I go away to MIT (Musicians Institute) home of GIT (Guitar Institute of Technology and BIT (Bass Institute of Technology) and become this hotshot guitarist out in California. Mark Sarzo (last name changed to protect the innocent) uses my name to hold a guitar clinic at Caruso Music hoping to make bank. He plays a little guitar and we looked exactly like each other back in the little league baseball days. People used to mix us up for each other constantly. Ironic that not only did we become friends but played in a couple bands together during junior high school too.
So apparently Sarzo had every intention of trying to teach this clinic. There were flyers all over town on telephone poles, and ads in all the local papers and magazines.
Well I’m home from vacation at the time and, catching wind of it I figure out what’s going on pretty quickly. First I was angry and hurt and confused but then a little flattered. I meditate on it and decide to show up and teach the clinic.

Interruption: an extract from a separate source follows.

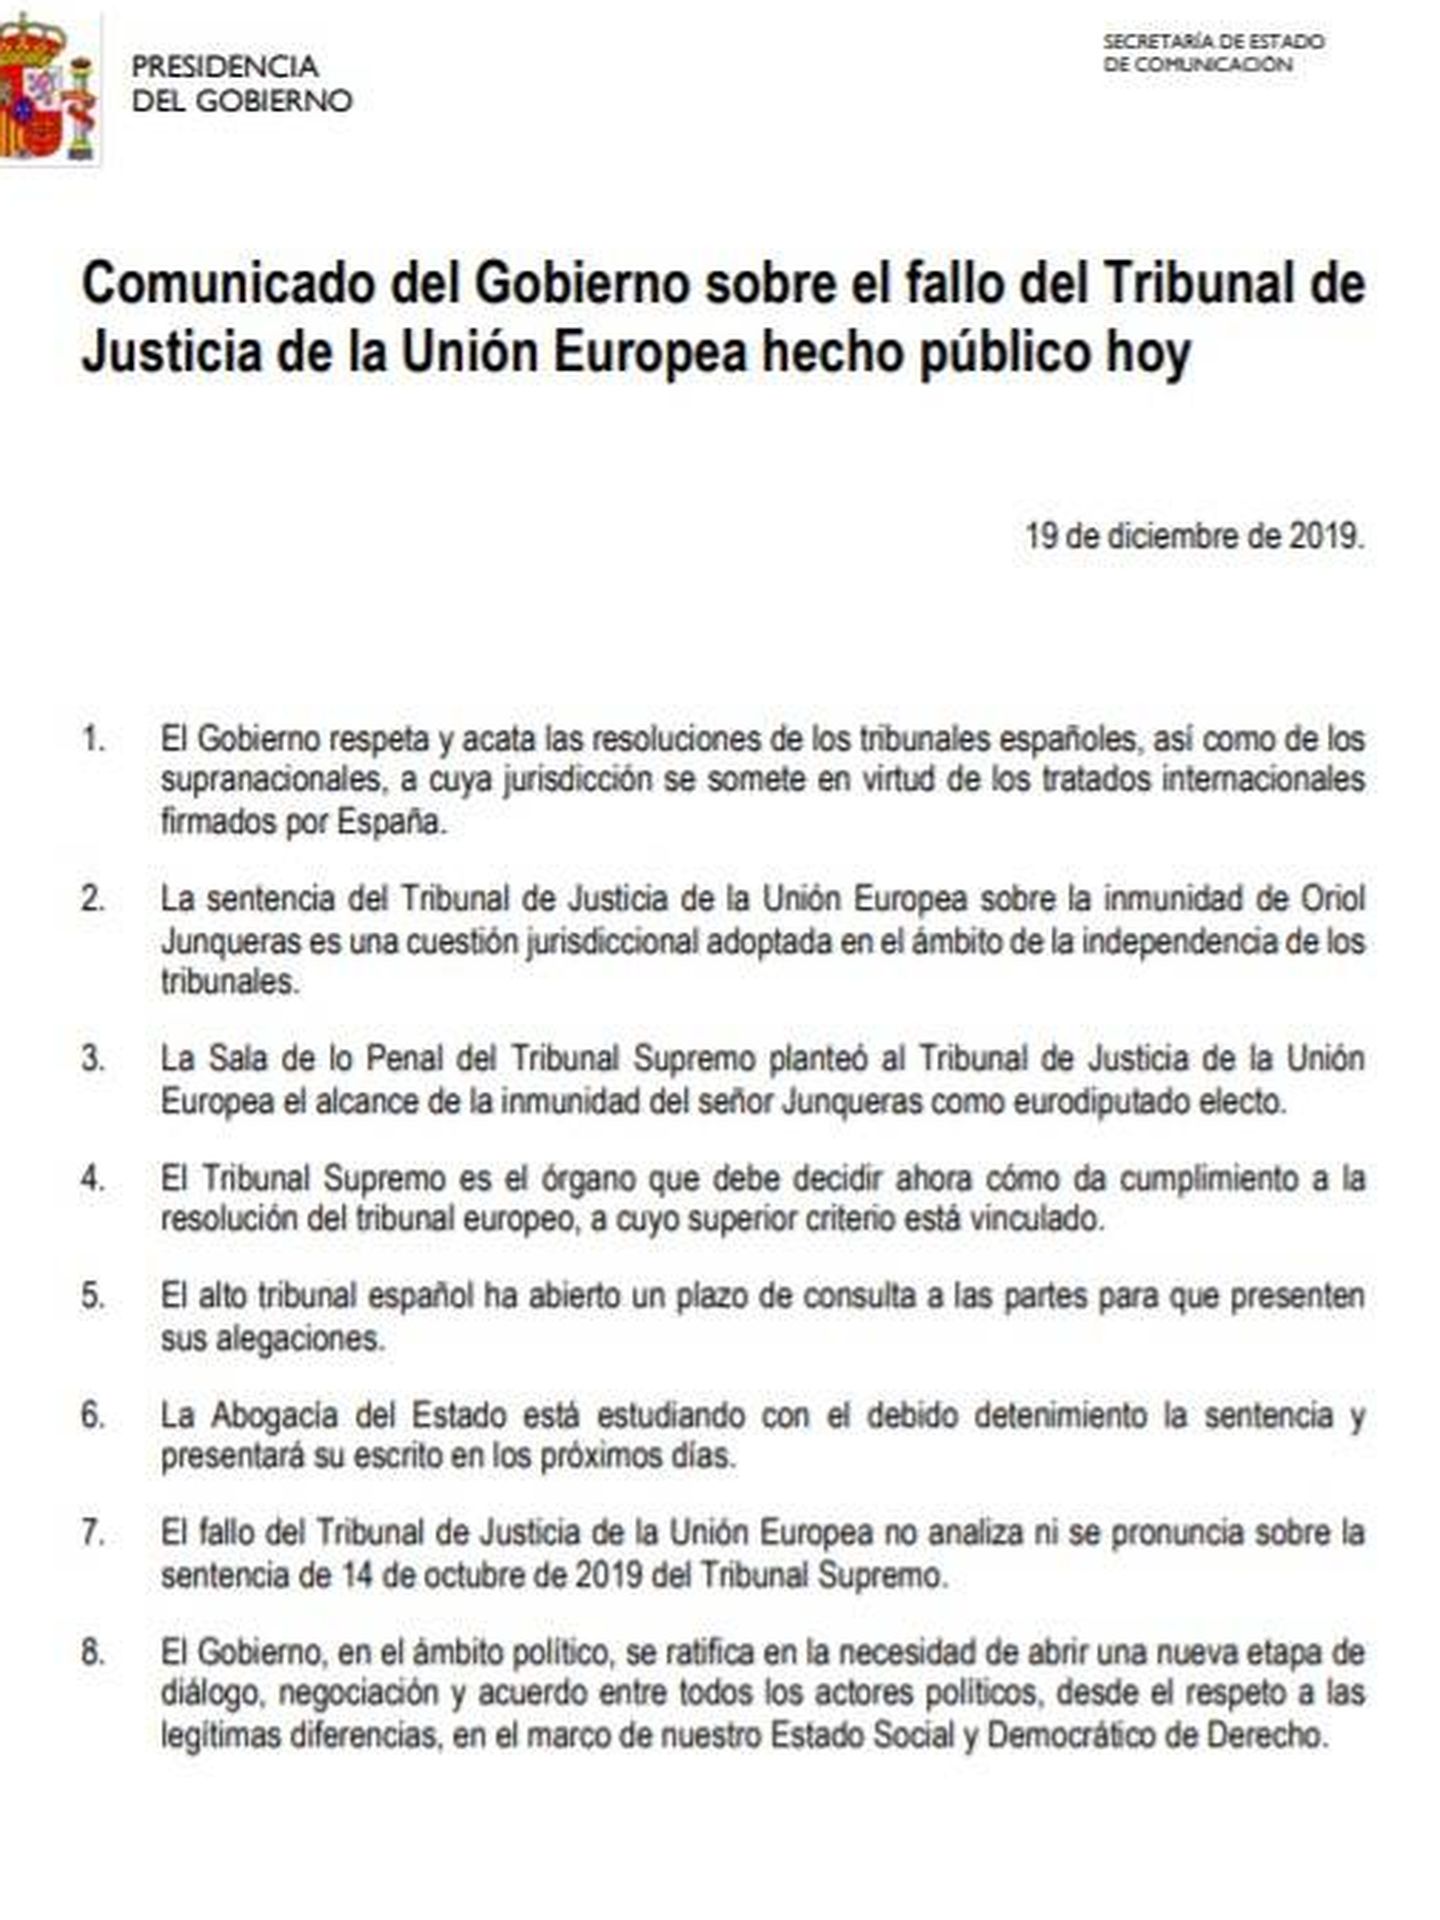 Consulte aquí el comunicado del Gobierno sobre la sentencia del Tribunal de Justicia de la Unión Europea sobre Oriol Junqueras.

It’s well attended and we do make bank. Richie Caruso comes over and hands me a huge check. Mark Sarzo comes up to me and apologizing, he explains what happened and tells me some story about something really heart wrenching that I don’t know maybe it really has happened so I tell him I’ll cut him two checks from this one, half for himself and then the other half is one that he has to hand deliver to Mr. Day at Claude Chester grade school for their once a week soup kitchen. Mark Sarzo thanks me and keeps apologizing over and over until I insist I’ve already forgiven him and please stop.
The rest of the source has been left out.